The title underscores advice that the American Academy of Pediatrics gives parents and coaches who want their children to thrive in sports:  “Adults must clearly show that the child’s worth is unrelated to the outcome of the game.”  “Good effort should be praised,” the Academy explains, and “[u]nconditional approval should be given for participating and having fun.”

Reward Performance, Not Outcome

“Unrelated to the outcome of the game” . . . “praise” . . . “unconditional approval” . . . .  The point is that parents and coaches should reward children for the quality of their performance (which the players can control), and not for the outcome of the game (which individual players usually cannot control).  This distinction between “performance goals” and “outcome goals,” drawn helpfully by the Positive Coaching Alliance’s Jim Thompson, remains central for parents who understand children’s reactions to praise they have earned.    

What should a young player think when her parents take her out for ice cream after the team wins, but not after the team loses?  Or after the player gets the big hit or scores the big touchdown, but not after he strikes out or fumbles the ball? 

And what should a young player think when the coaches lavish praise after wins or big plays, but remain non-communicative and even verbally hostile after losses or missed plays?

Children are sensitive to the verbal and non-verbal cues that the adults in their lives deliver wittingly or unwittingly.  When parents or coaches convey the subtle message that they appreciate the player more in good times than in bad, the player will get the message — even if the parents or coaches did not mean to convey it.  The lesson for adults is that they need to be careful with players who take their sport seriously, crave adult approval, and remain perceptive about what their parents and coaches do and say.

Facts of Athletic Life

Once players have given their best effort, parents and coaches send the right message when they treat victory and defeat alike.  Teams should try to win every game because striving to win within the rules is the essence of competitive sports.  I suspect, though, that parents and coaches sometimes let down their guard because they mistakenly compare defeat to failure. 

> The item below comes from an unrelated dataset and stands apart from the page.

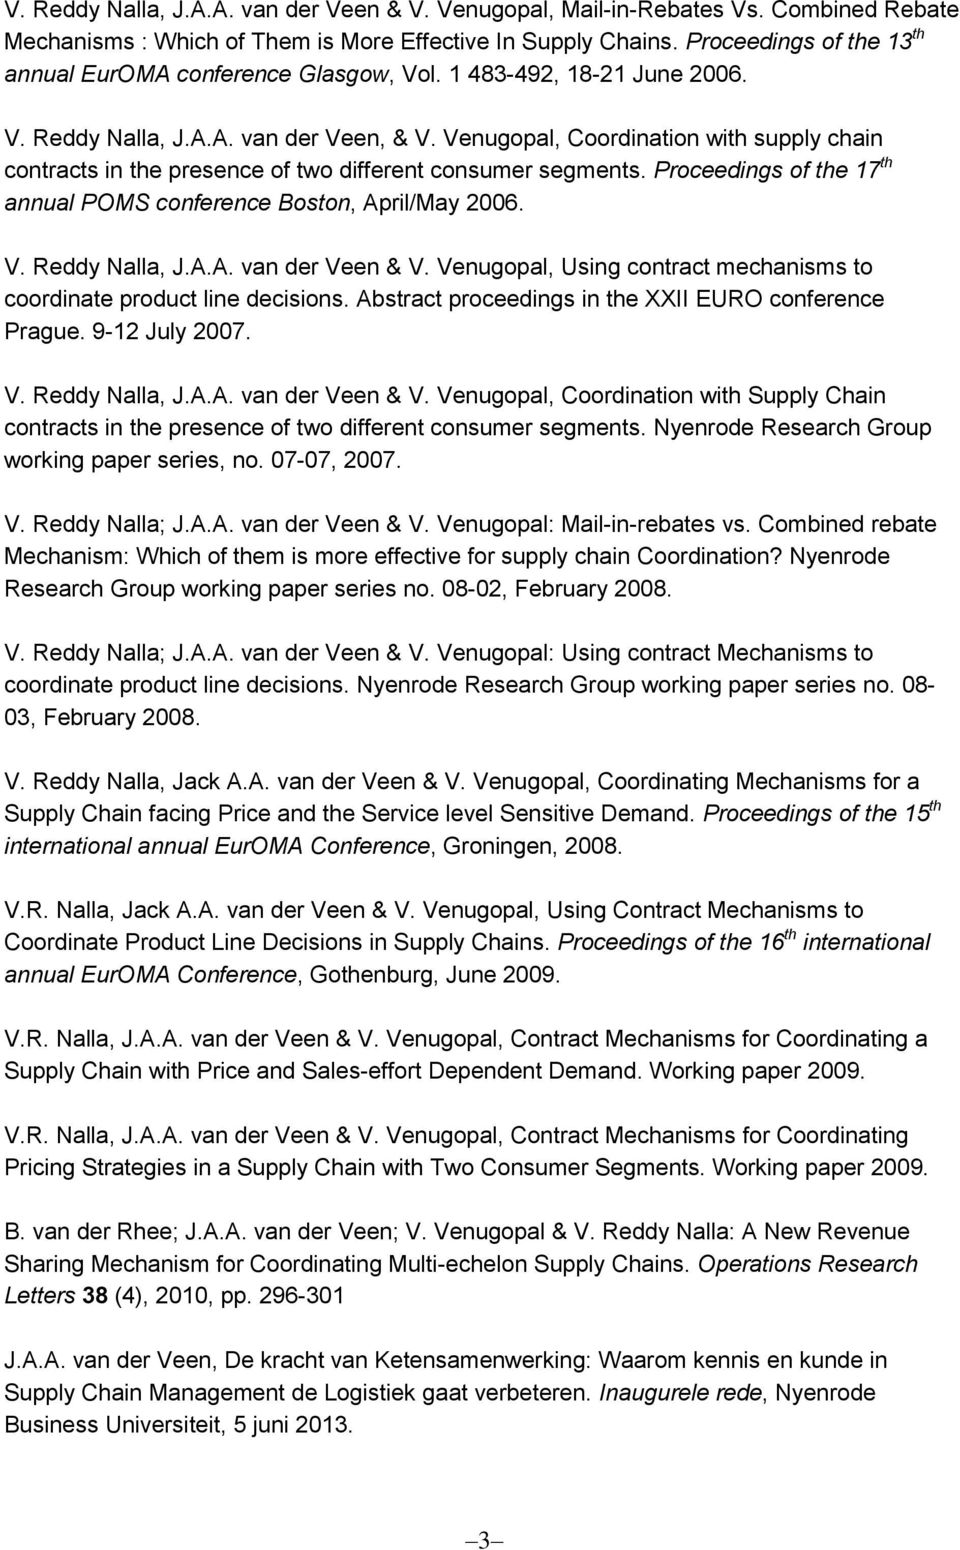 Venugopal, Coordination with supply chain contracts in the presence of two different consumer segments. Proceedings of the 17 th annual POMS conference Boston, April/May 2006. V. Reddy Nalla, J.A.A. van der Veen & V.
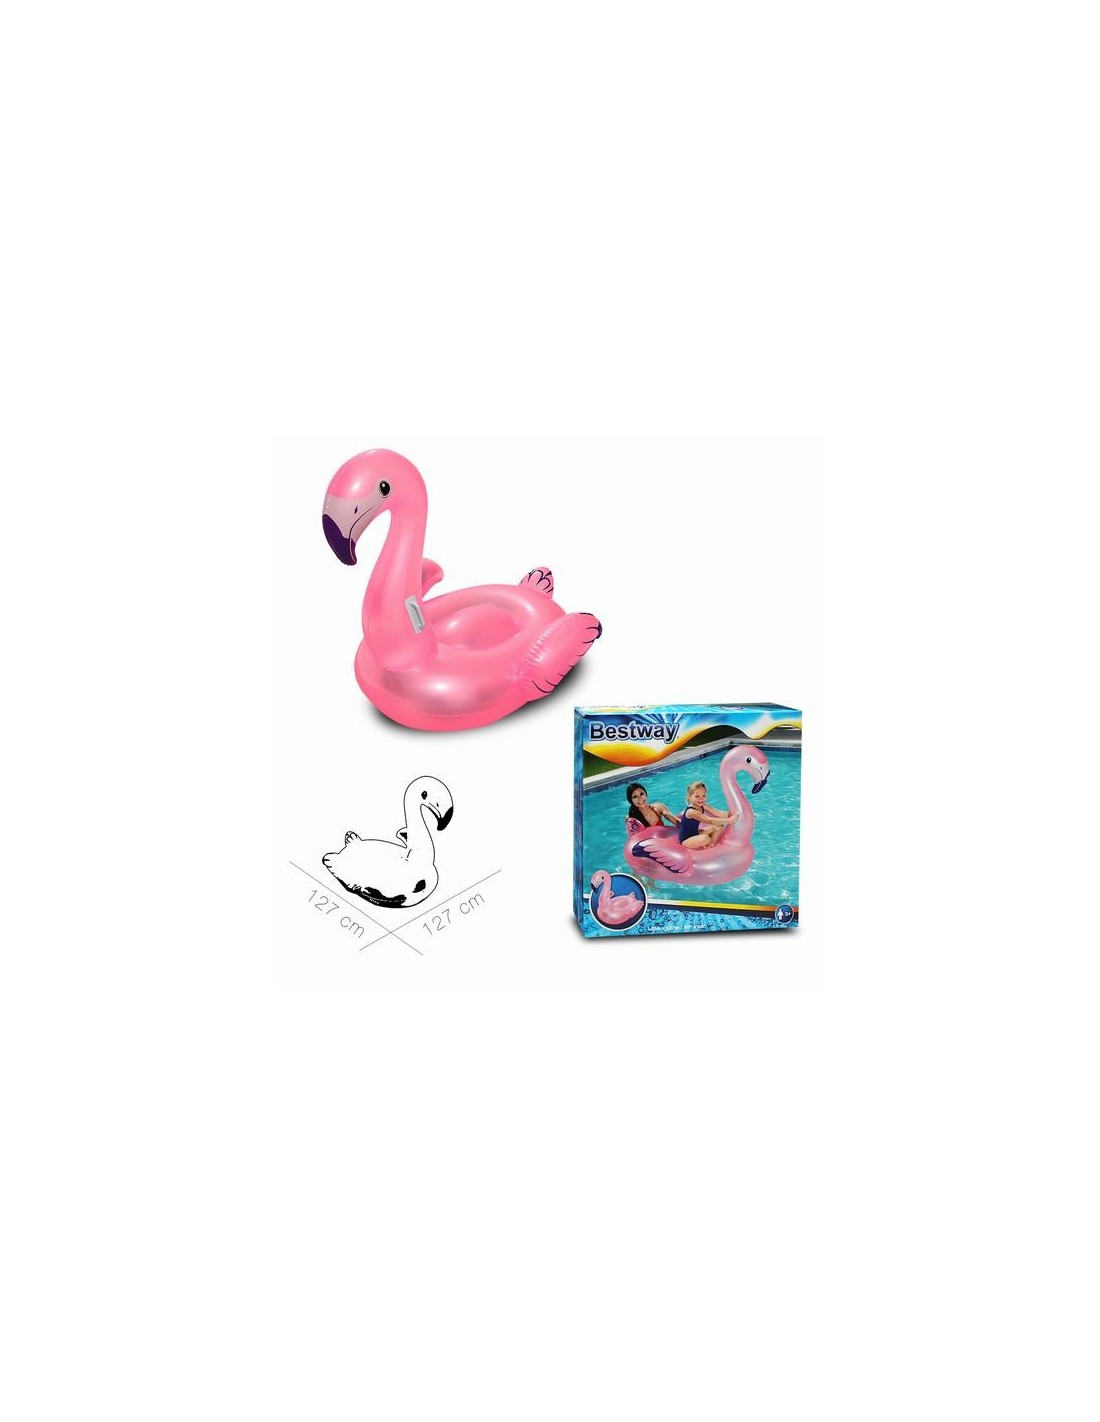 DIFFUSION 548030 Frite gonflable flamant rose - 27 x 15 x H.98 cm

The comparison is misplaced.  Every day of every season, half of all youth leaguers competing in America lose.  Each one returns to play another day.  All athletes taste defeat because nobody plays on undefeated teams every year, and nobody goes from season to season winning every meet or match in individual sports.  Striving to win, yet rebounding from defeat, is central to youth sports because it is central to preparation for adulthood.  Parents and coaches are the role models who must show the way.

Time for Ice Cream

 

So much for the old adage that “you can’t tell a book by its cover.”  Sometimes a book’s title says plenty even before you open to the table of contents or page one. Come to think of it, the Andersonns’ title is so intriguing that I think I will get the book and read it.  Call this column an anticipatory book review.

Now, take the kids out for ice cream and urge them to focus on winning the next game, no matter what just happened on the field. 

 

[Source:  Am. Acad. of Pediatrics, Organized Athletics for Preadolescent Children, Pediatrics, vol. 84, p. 583]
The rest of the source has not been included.